**WORK TASK**: The reply should hold only the lines from the one with "The very start" to the one with "Dimplex Electric Fireplace", both ends kept, exactly as they appear below, without any pictures.

:: DATA RECORDS

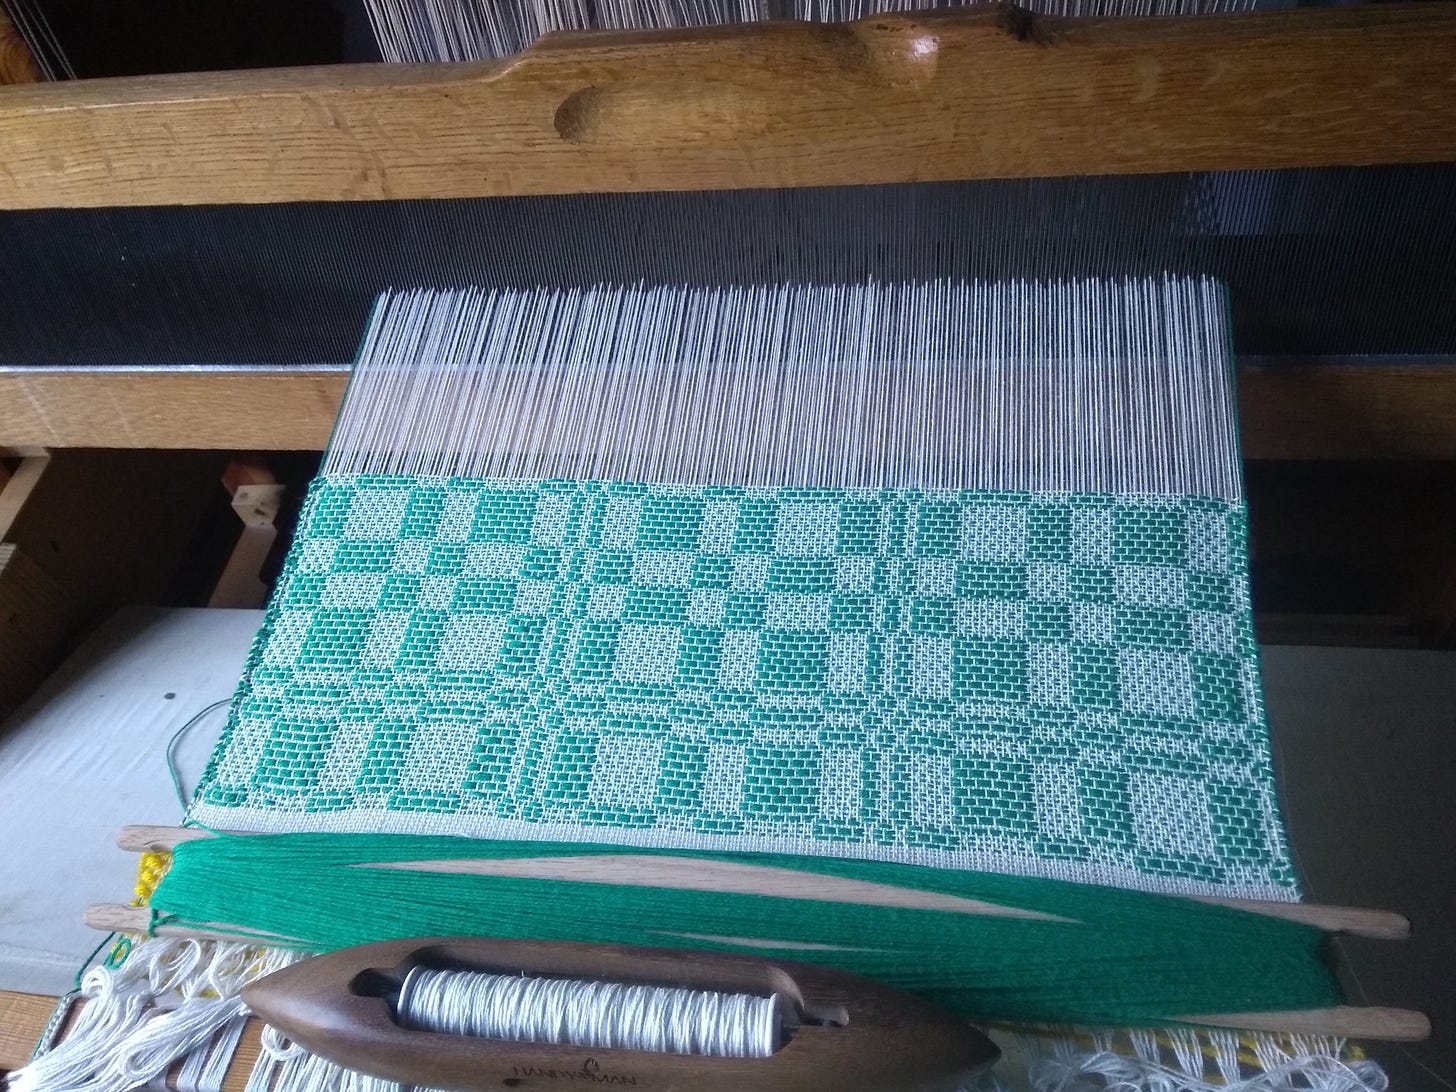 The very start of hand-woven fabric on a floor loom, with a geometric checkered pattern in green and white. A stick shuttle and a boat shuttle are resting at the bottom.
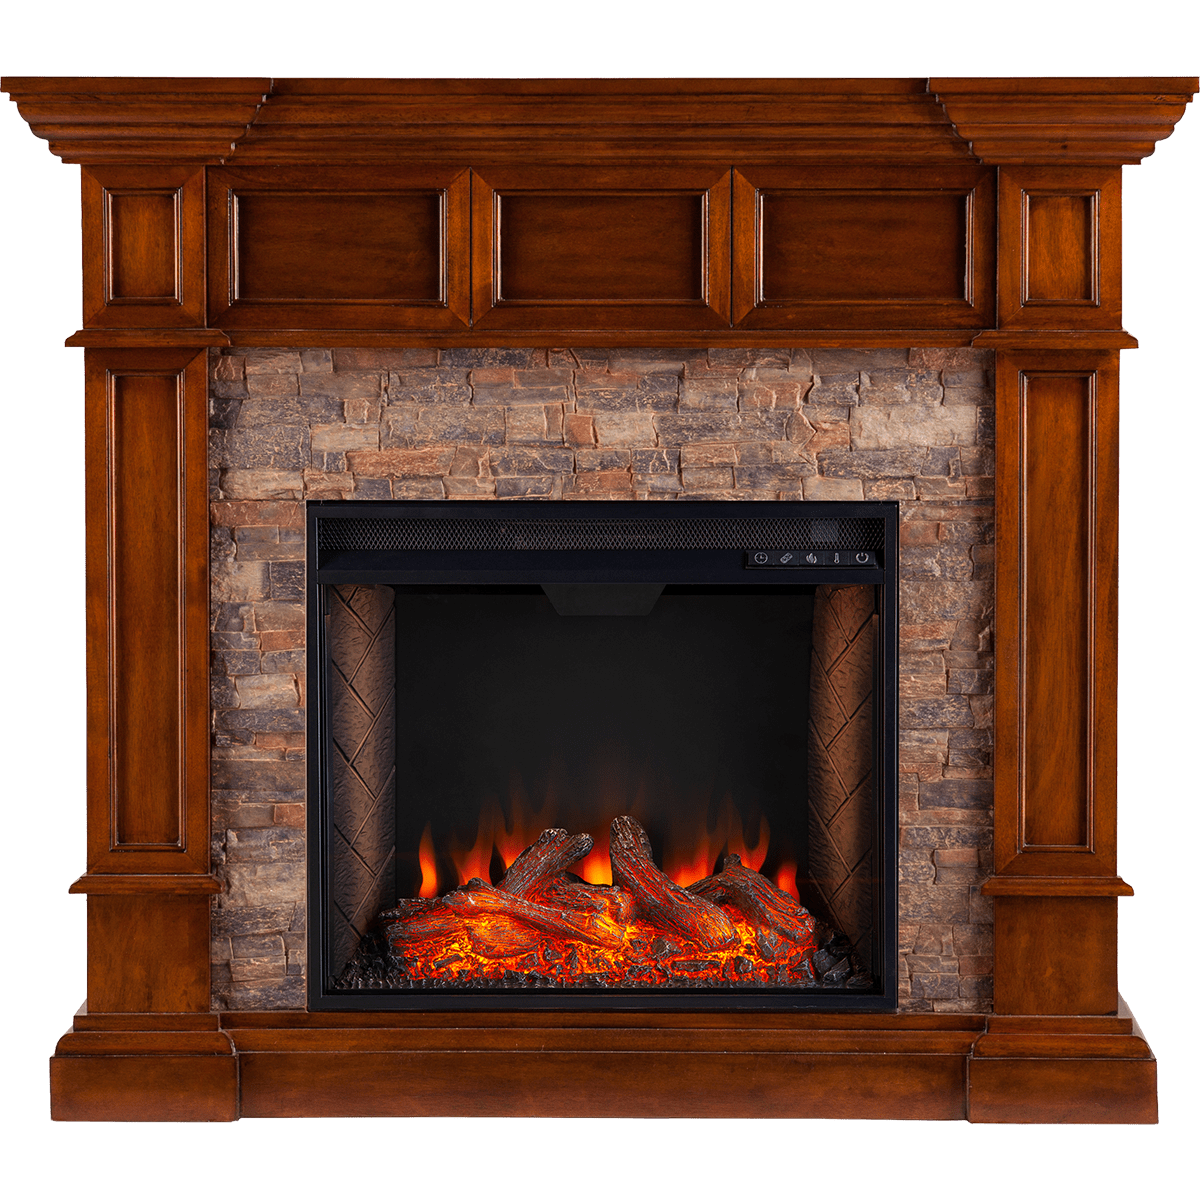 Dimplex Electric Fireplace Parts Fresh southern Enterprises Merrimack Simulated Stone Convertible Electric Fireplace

::::
:: DATA RECORDS

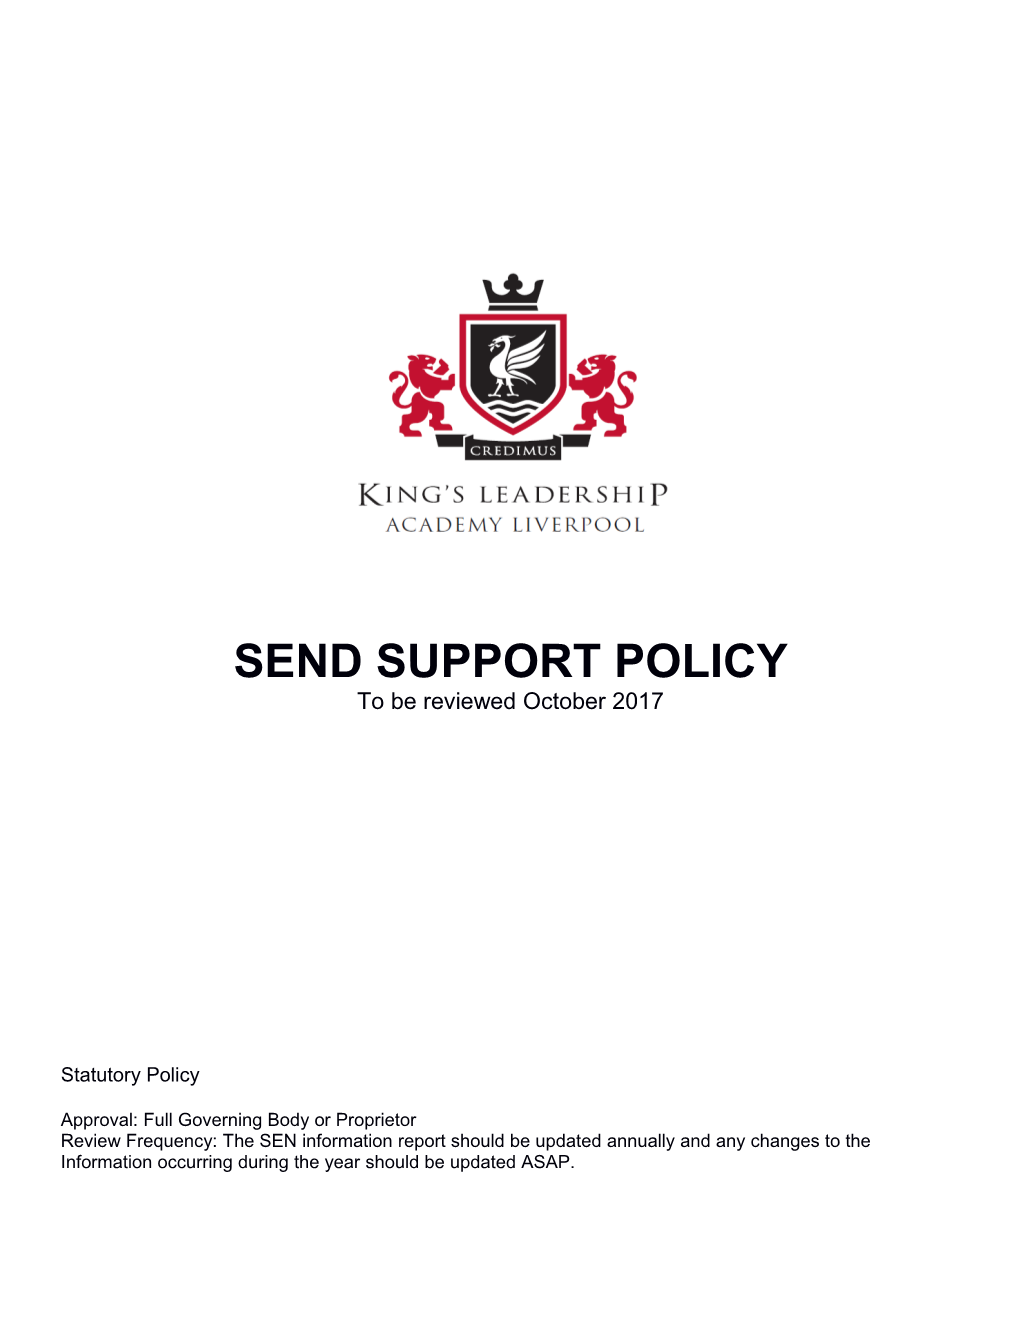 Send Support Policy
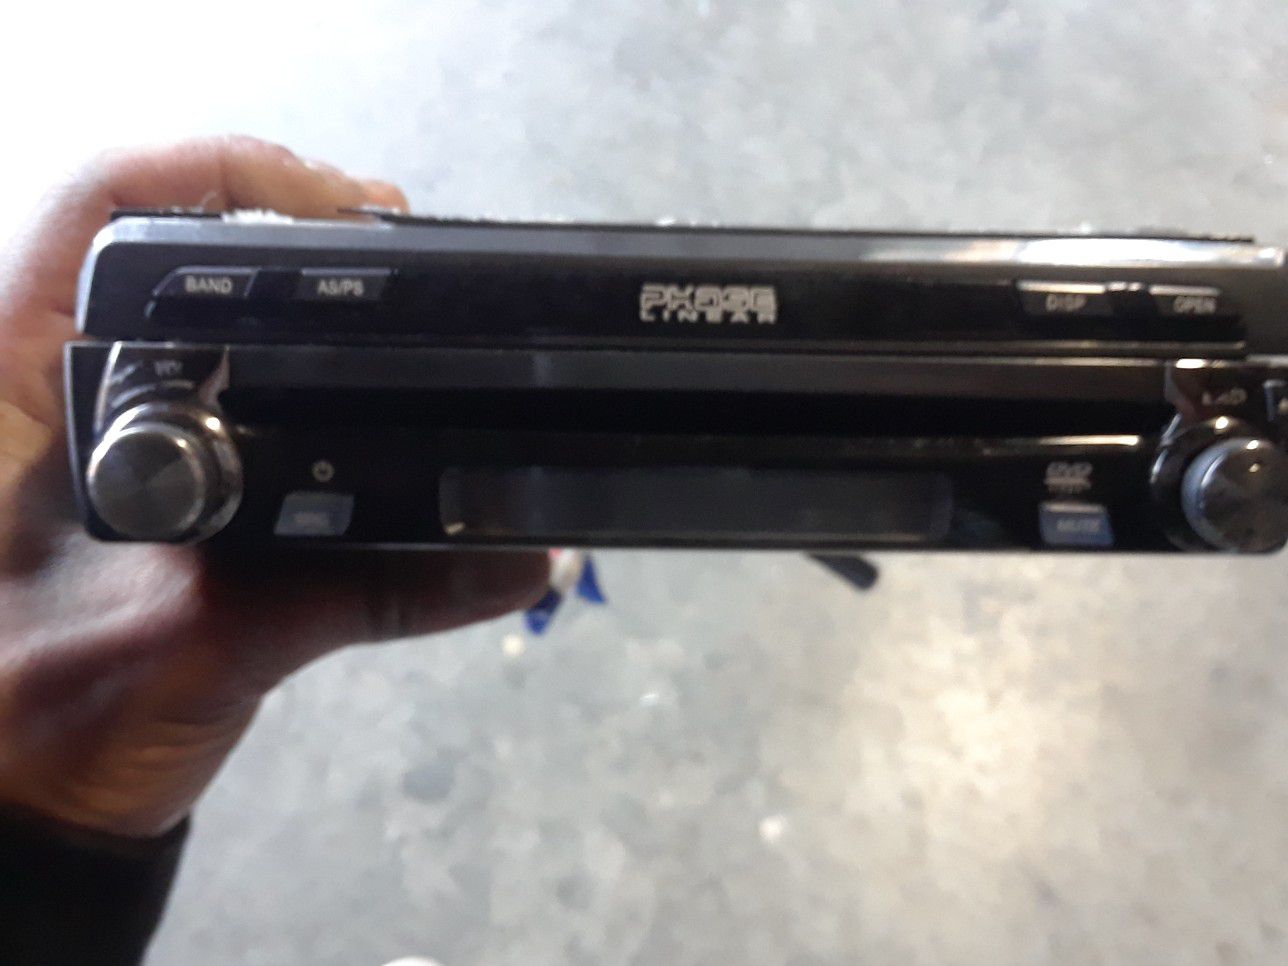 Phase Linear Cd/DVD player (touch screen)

::::

**OUTPUT FOR THIS EXERCISE**:
 The very start of hand-woven fabric on a floor loom, with a geometric checkered pattern in green and white. A stick shuttle and a boat shuttle are resting at the bottom.
 Dimplex Electric Fireplace Parts Fresh southern Enterprises Merrimack Simulated Stone Convertible Electric Fireplace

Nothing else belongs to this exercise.